Topics of statistical analysis with social media data

Abstract

This thesis investigates the use of social media data in social research from a statistical perspective. A broad review is given of how these data has been used by researchers from different disciplines and the extent and means of the investigations carried out with these data is assessed. Special attention has been given to the common obstacles faced by using social media data for statistical analysis and to the graph representation of these data that is generally available to the researcher and to its use for statistical inference.

Most of the literature about the use of social media data for statistical analysis is concerned with the fact that these data represent a non-random sample from the population of interest. We have instead highlighted another fundamental challenge presented by these data, which is, however, rarely taken explicitly into consideration. The problem is that the object of sampling and the unit of interest might be distinct. To tackle this problem, we have shown how two different approaches of statistical inference can be distinguished in the literature. Under each approach, we have provided a discussion about the target of inference and make explicit their limitations in relation with the statistical methods used.

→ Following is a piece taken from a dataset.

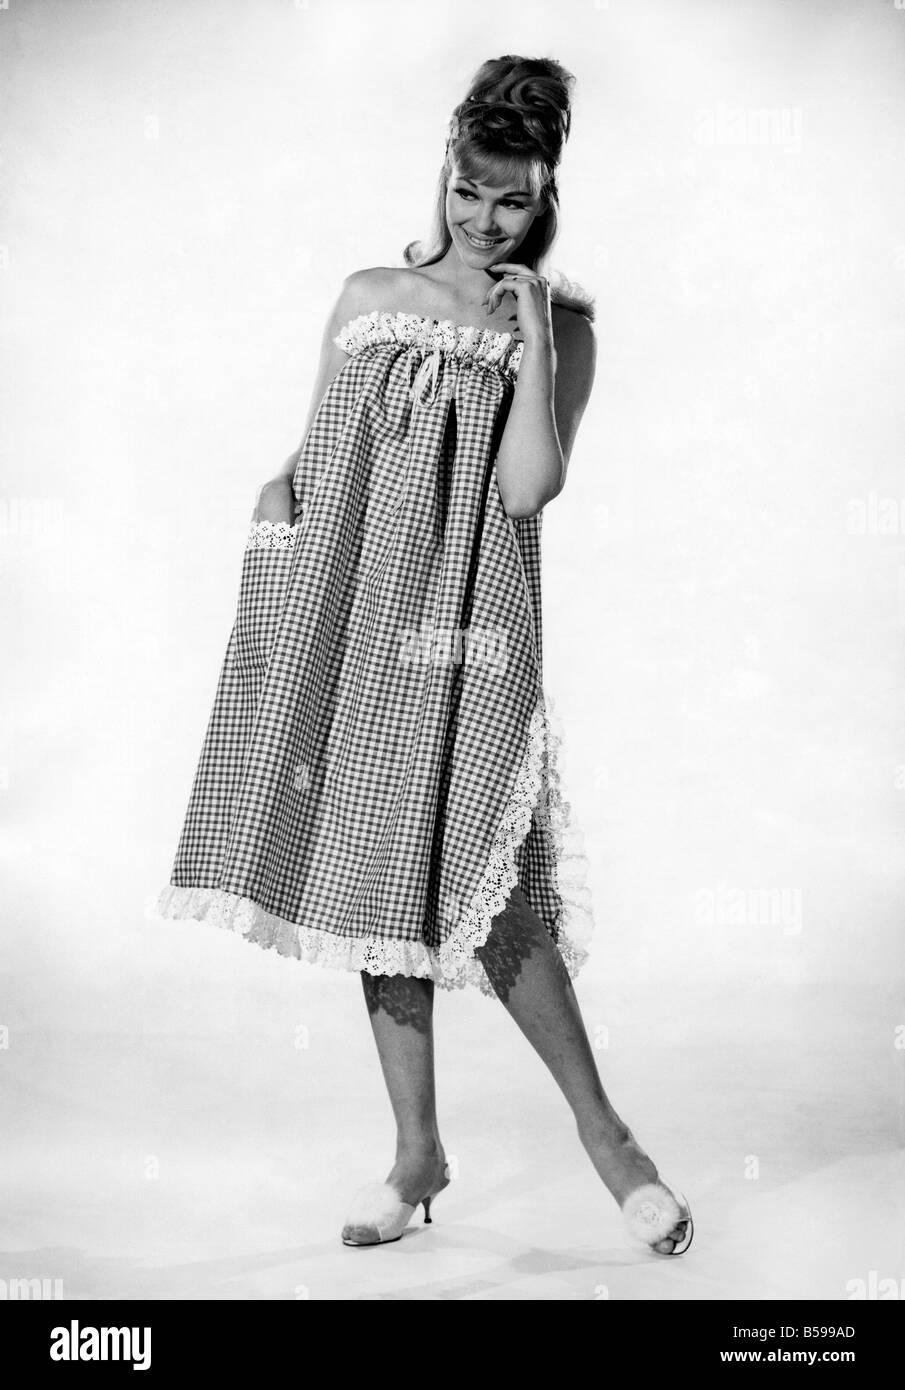 La Diane Fashions: Waring. portant une robe de nuit longueur trois-quarts. Août 1964 P007605 Photo Stock
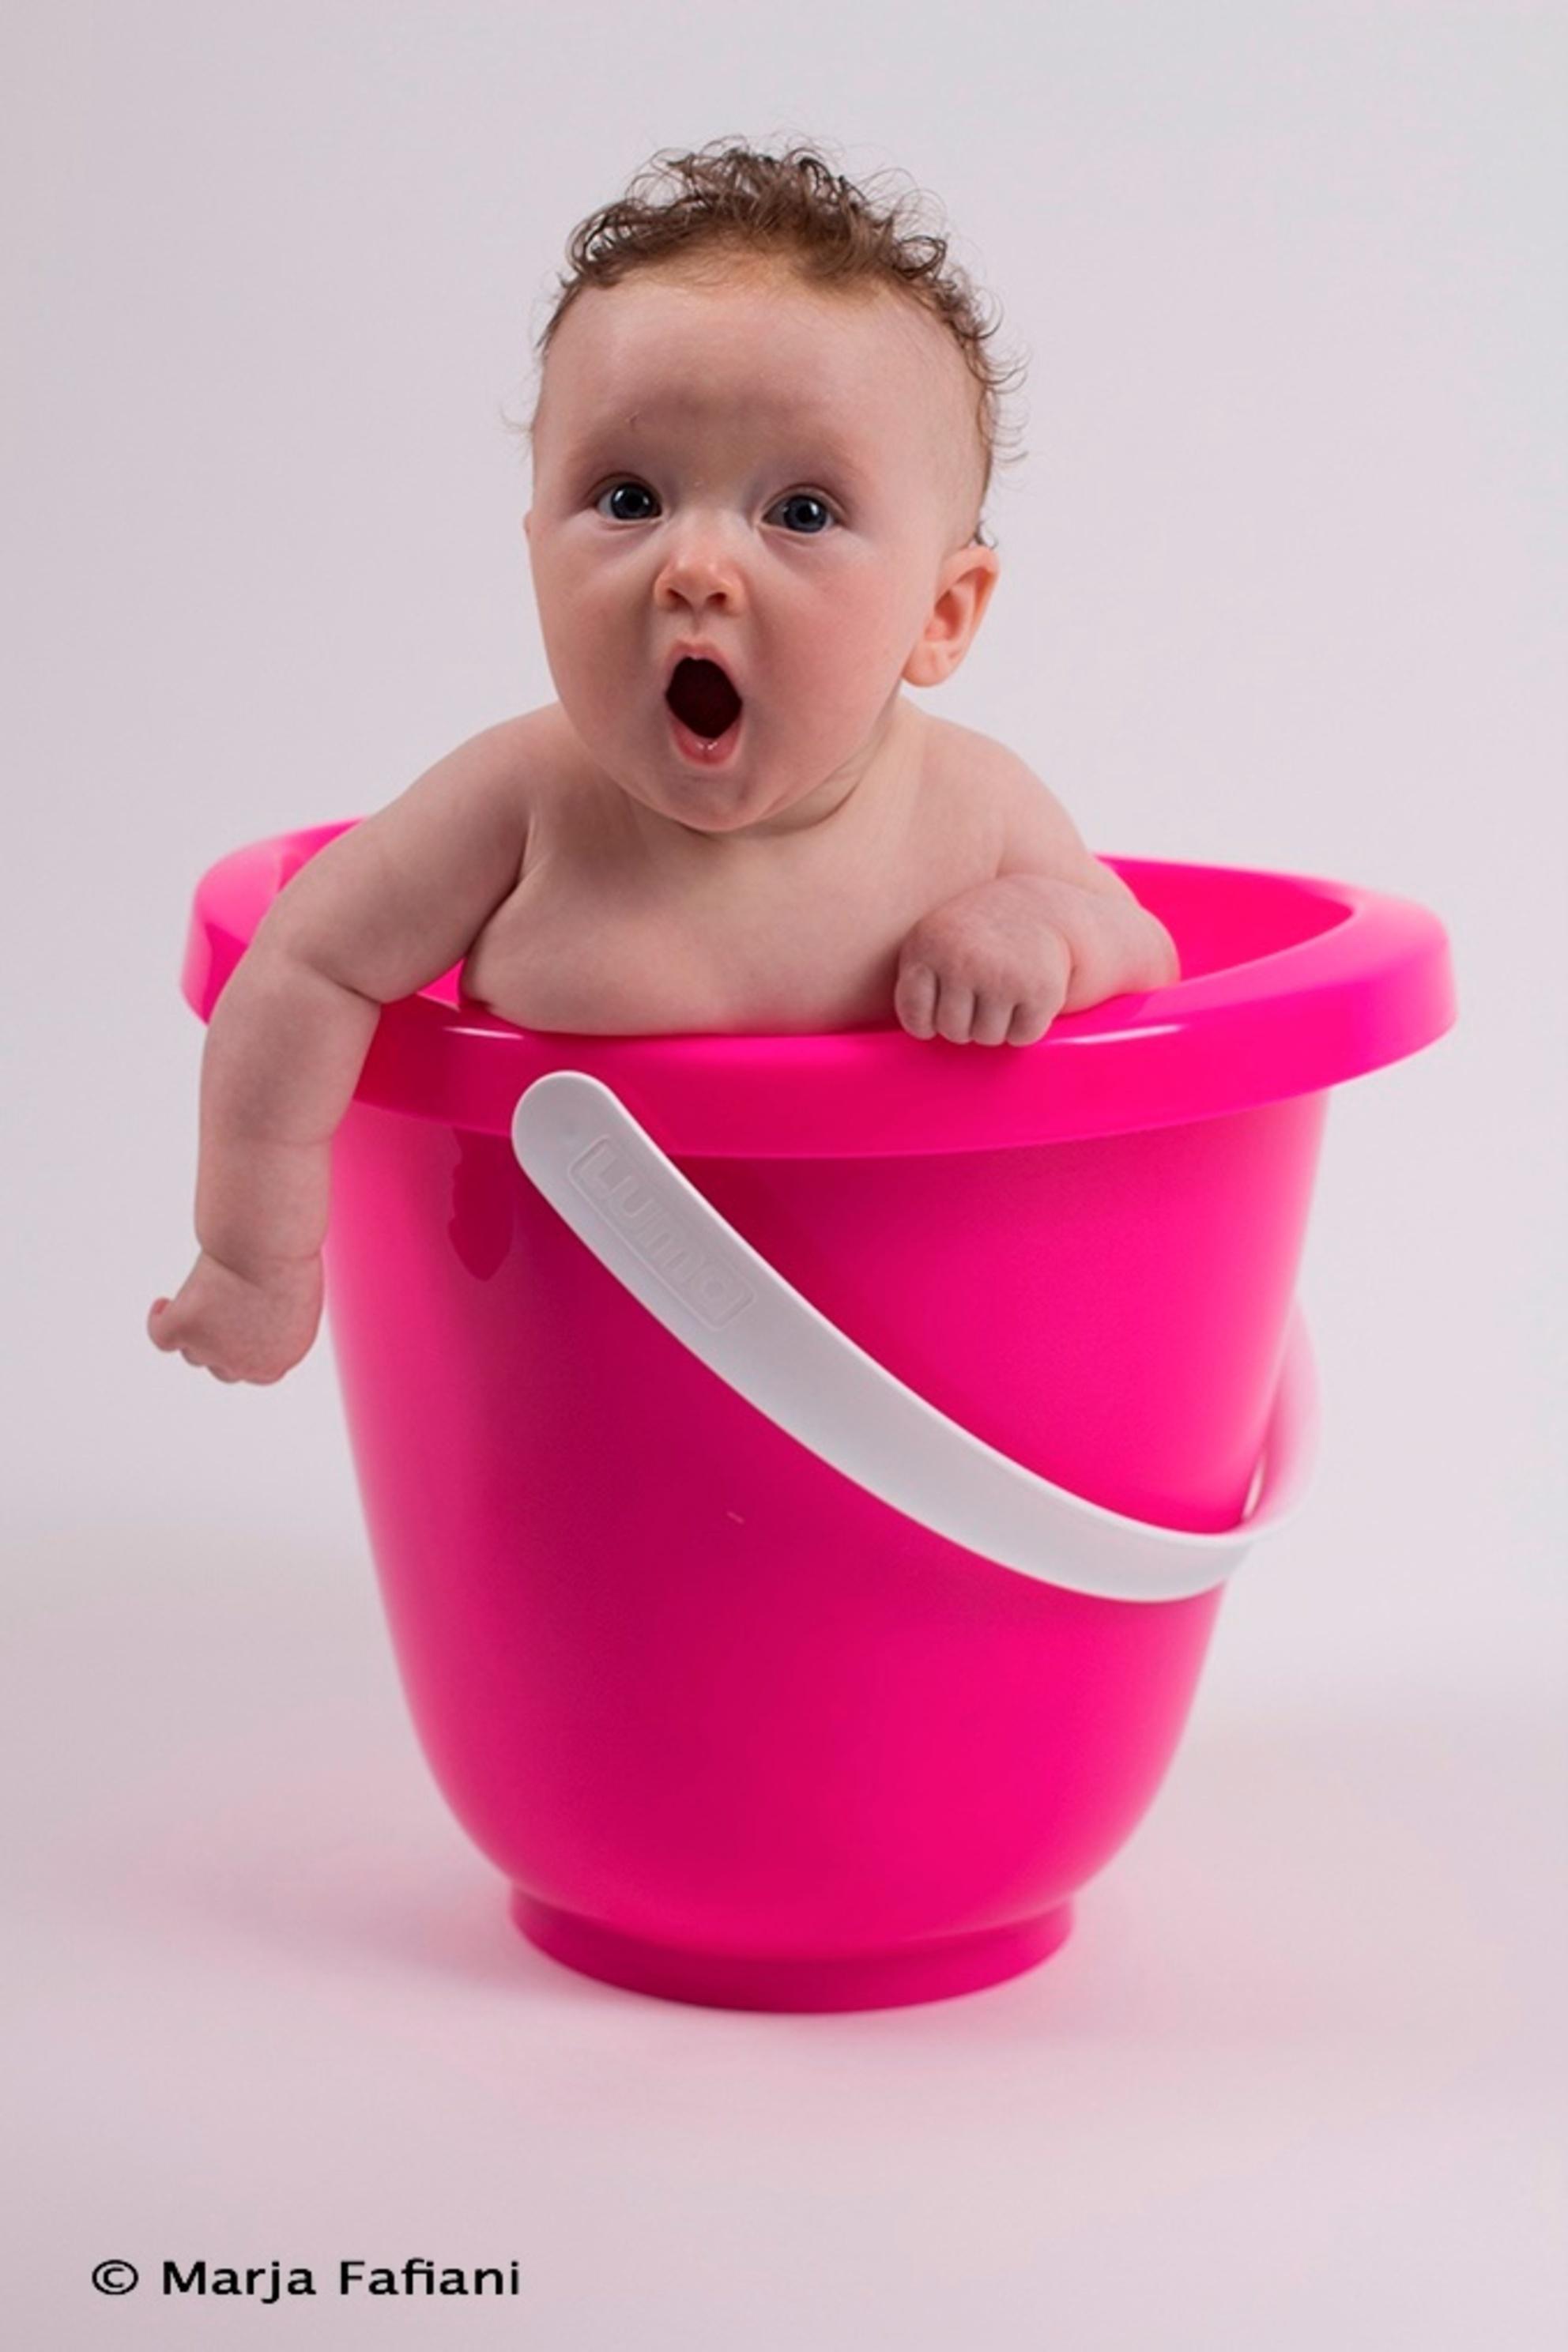 What no bad! - Mijn eerste baby shot met een meisje van 3 mnd oud. Heel erg leuk om te doen. - foto door fama01 op 24-10-2013 - deze foto bevat: roze, emmer, Baby. - Deze foto mag gebruikt worden in een Zoom.nl publicatie

Our exposition offers a framework for dealing with unruly data sources.

However, the problems of non-random sample and various unavoidable non-sampling errors do not admit a universally valid statistical approach. One can cope with them if needed to, but one cannot really hope to solve these problems. Meanwhile the graph structure inherent of social media data (and other forms of big data) seems to us a more rewarding area of research.

We have investigated how to use the structure of the graph for estimation. The Horvitz-Thompson (HT) estimator operates by weighting each sample motif by the inverse of its inclusion probability. Generalising the work of Birnbaum and Sirken (1965), we demonstrated that infinite types of incidence weights can be constructed for unbiased estimation. We define the Incidence Weighting Estimator (IWE) as a large class of linear design-based unbiased estimators based on the edges of the Bipartite Incidence Graph (BIG), of which the HT estimator is a special case. This class of estimator has no equivalence in traditional list sampling.

More ways of using the incidence structure of the BIG for estimation has been explored and in doing so we enter in a completely new territory. We have investigated how to use the incidence structure of the BIG to estimate a total based on the sampling units, and, once we have obtained such estimator we have discussed if and how it can be used together with the IWE to improve the inference. We have also seen that it is possible to use the reverse incidence weights in combination with the incidence weights. The weights obtained in such ways, can be used to construct an unbiased estimator in both directions, although the idea seems somewhat impractical at the moment.

The final chapter wants to offer a flavour of what can be done under the BIG framework and inspire future research in this direction. The thesis is organised in four papers: the first paper discusses the current statistical analysis made using social media data, while the other three papers deal with the topic of graph sampling and estimation.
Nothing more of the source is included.